Top restaurants have signed up and will serve diners by candlelight, with some offering meals using local produce rather than ingredients flown or shipped in from abroad. "We're not asking people to go and live in a cave and eat cold beans; that can't be the way we approach the problem of global warming," Ridley said, dismissing some early criticism that business would suffer.

"The idea of this is there are simple things that are putting emissions up into the air and we can do simple things to start cutting back on them, but that doesn't mean you close your restaurant."

Ridley said that if successful, the Sydney blackout would be a world first. "I think people have tried it before, but nobody has successfully done it and I don't think anyone has tried it on the scale we are trying. "If it's as successful as we hope, we hope to take it around the world and do this in every major city we can get to join us."

Australia, already the driest inhabited continent on earth, is expected to be particularly hard hit by global warming (see Australia's drought may stay for keeps, Cosmos Online).

Read more about Earth Hour at http://earthhour.smh.com.au/.

Readers' comments

foolish symbolism? or?

seems to me that this is nonsense just 55 minutes more so than Paris dimming lights for 5 minutes

unless the follow-through is very significant real programs to conserve energy of all sorts and to substitute non-polluting sources like wind, wave, solar... this effort will be nothing more than a feel-good sham

All states should join in - more benefits than just environment

I suggest that the other states join in as well.
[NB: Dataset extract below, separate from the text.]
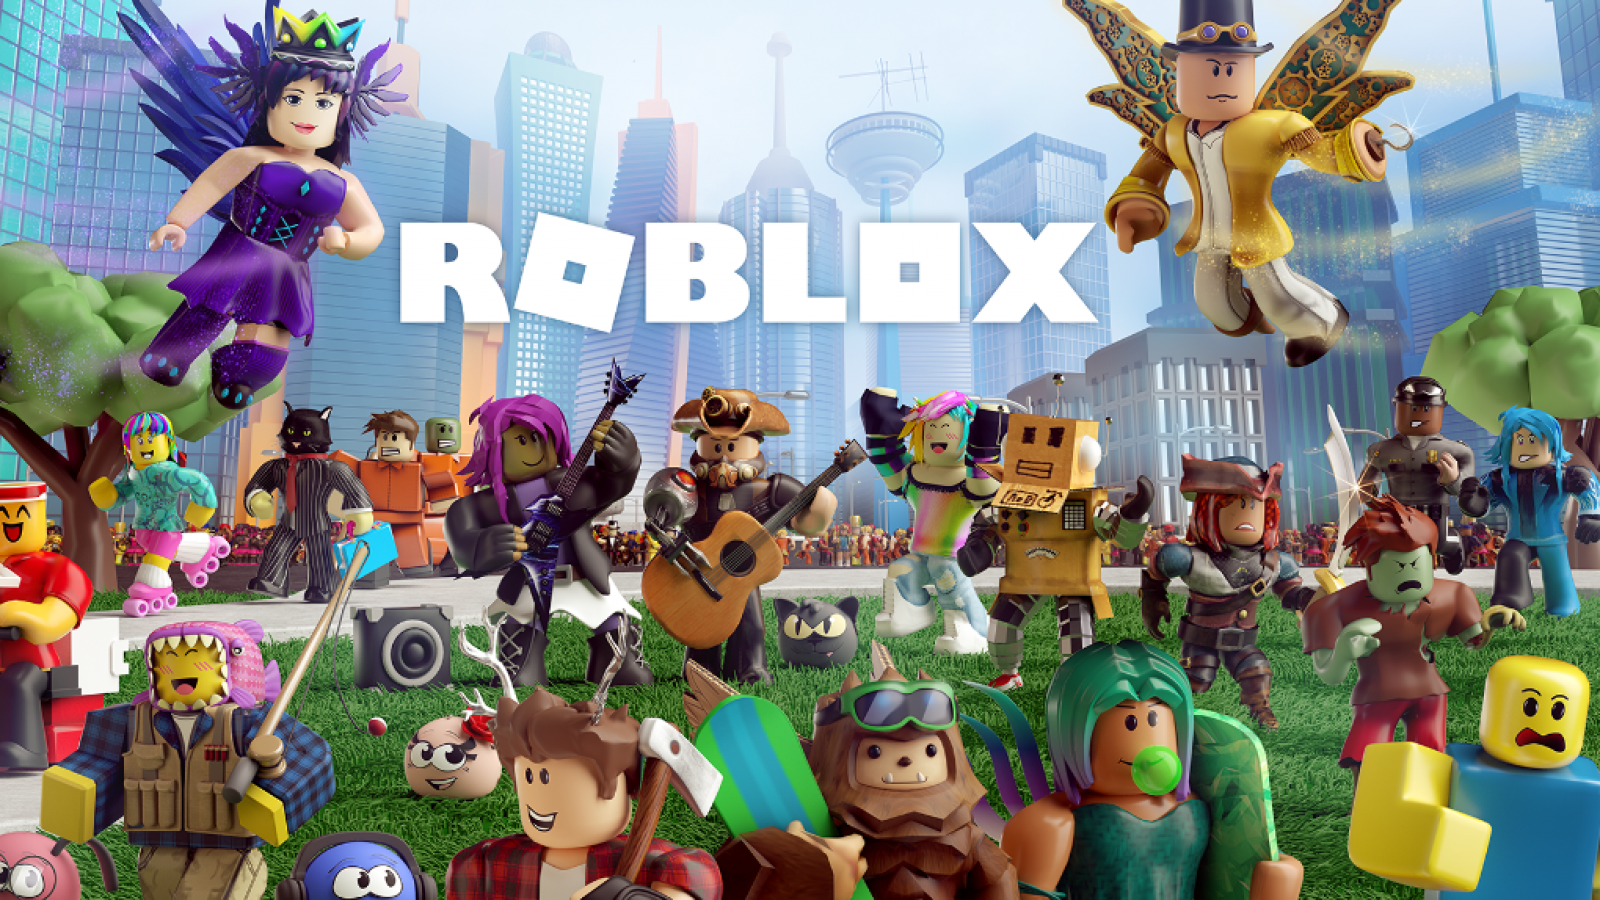 Esl Gaming Android 12 And Roblox Prepares To Ipo Master The Meta - roblox on twitter we want to host more roblox tournaments

Although in WA we couldn't do it at 7:30pm AEST (5:30pm here and not dark yet), it would surely help if a large majority of households turned off all their lights for 1 hour at 7:30pm local time. Apart from helping the environment, it might just do great things for our family relations. Think about it - 7:30 to 8:30pm - not watching telly but actually talking to each other or playing a board game by candlelight - how wonderful it would be if we were all encouraged to do this on a regular basis. Everyone wins.